Referring to the European Constitution, Pope Benedict delineates three elements which need to be re-introduced back into European society if they want to survive:
*The first element is the "unconditionality" with which human dignity and human rights must be presented as values that precede any jurisdiction on the part of the state. These basic rights are not created by the legislator, nor conferred on the citizens, but rather exist in their own right, are always to be respected by the legislator, are given previously to him as values of a superior order. This validity of human dignity, previous to every political action and to every political decision, refers back ultimately to the Creator: only He can establish values that are founded on the essence of man and that are intangible. That there be values that cannot be manipulated by anyone is the real, true guarantee of our freedom and of man's greatness...

This echoes perfectly the words "inalienable rights" of Founding Father Thomas Jefferson's Declaration of Independence.
Furthermore, the Pope states:
*The second point in which the European identity appears is marriage and the family. Monogamous marriage, as the basic structure of the relationship between man and woman and, at the same time, as the cell of the formation of the state community, is derived from biblical faith. This has given Western Europe as well as Eastern Europe, its own particular face and its own particular humanity, precisely because the form of fidelity and self-denial set out here had always to be conquered, over and over again, with much effort and suffering. Europe would no longer be Europe if this fundamental cell of its social structure were to disappear or be essentially changed.

The assault upon traditional Christian marriage and family is carried out by liberals in a ferocious way: condoning adultery, championing homosexual marriage, permitting easy divorce and subsequent serialAlllygamy... all are rampant in our society and even serves as entertainment value. Break up the family unit and you will uproot the foundation of Western society.
His third point:
*My last point is the religious question. I do not want to enter into the complex discussions of recent years, but to focus on only one aspect that is fundamental for all cultures: respect for what the other holds sacred, and in particular respect for the sacred in the highest sense, for God, something that we can legitimately suppose to find even in one who is not disposed to believe in God. Wherever this respect is denied, something essential in a society is lost.

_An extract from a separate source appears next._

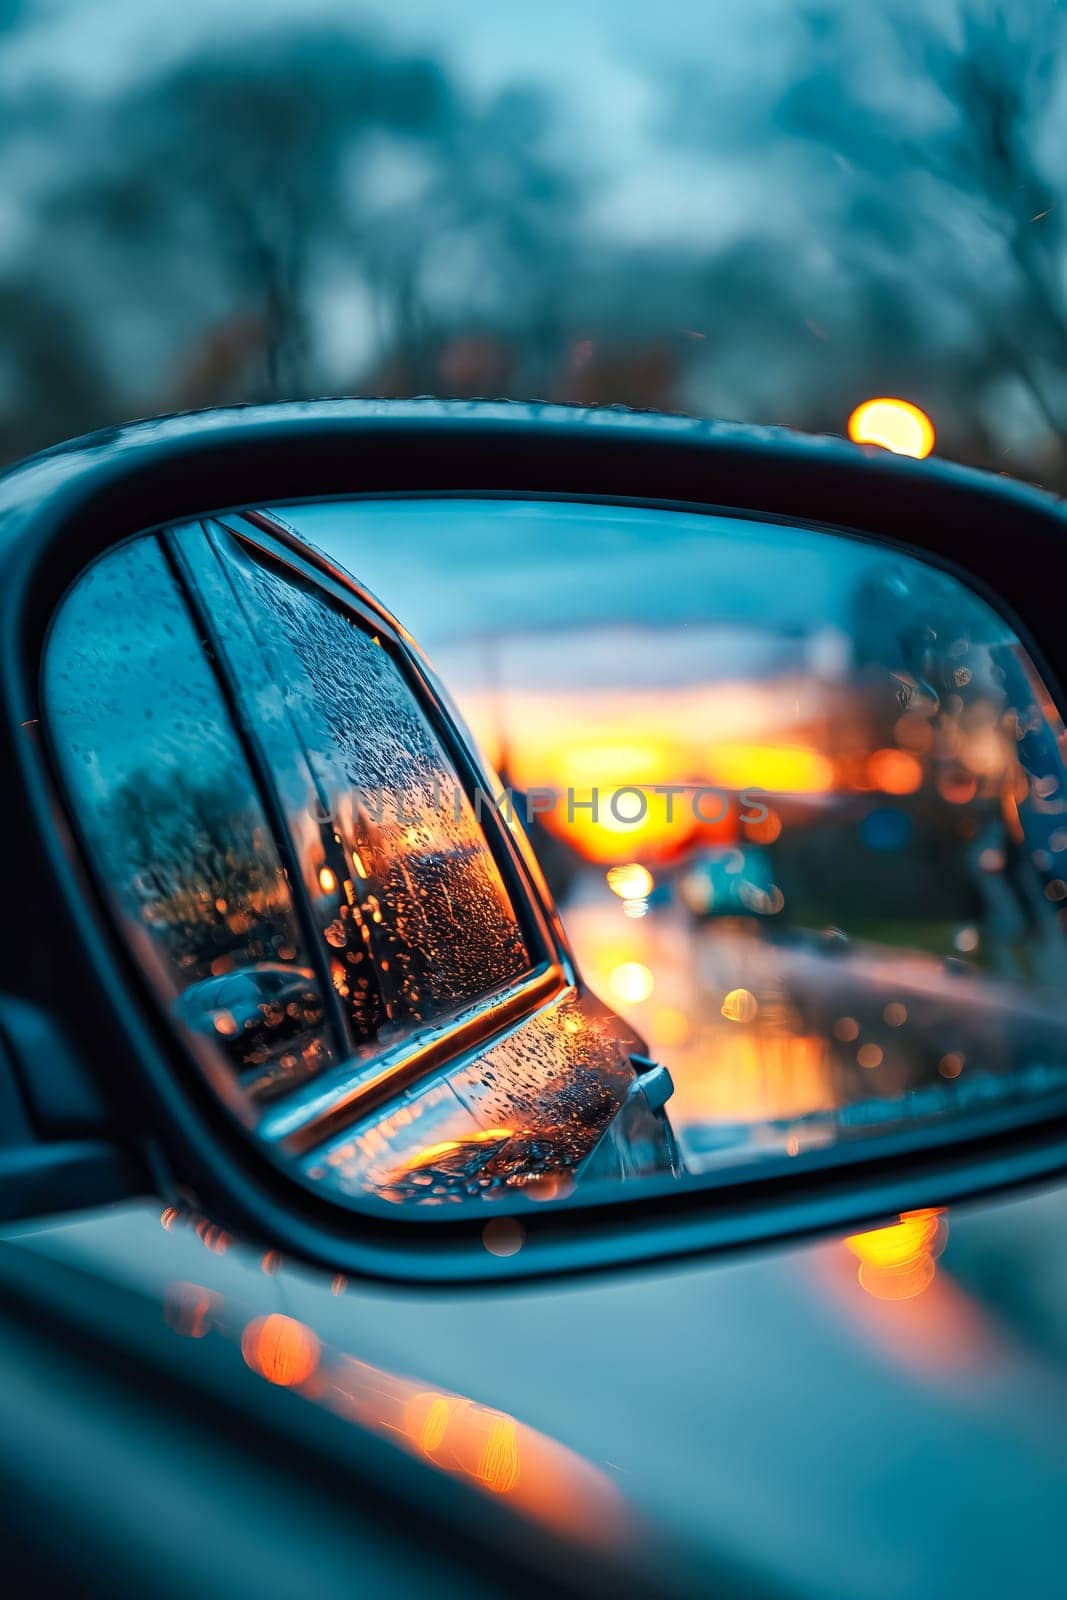 A car's rear view mirror is fogged up and the reflection of the car is blurry. The scene is set at dusk, with the sun setting in the background. Generative AI

Indeed. If no respect for the sacred exists, then the first two points are destroyed.
His last words portray exactly what we see among the liberals of Western Civilization:
The West reveals here a hatred of itself, which is strange and can be only considered pathological; the West is laudably trying to open itself, full of understanding, to external values, but it no longer loves itself; in its own history, it now sees only what is deplorable and destructive, while it is no longer able to perceive what is great and pure.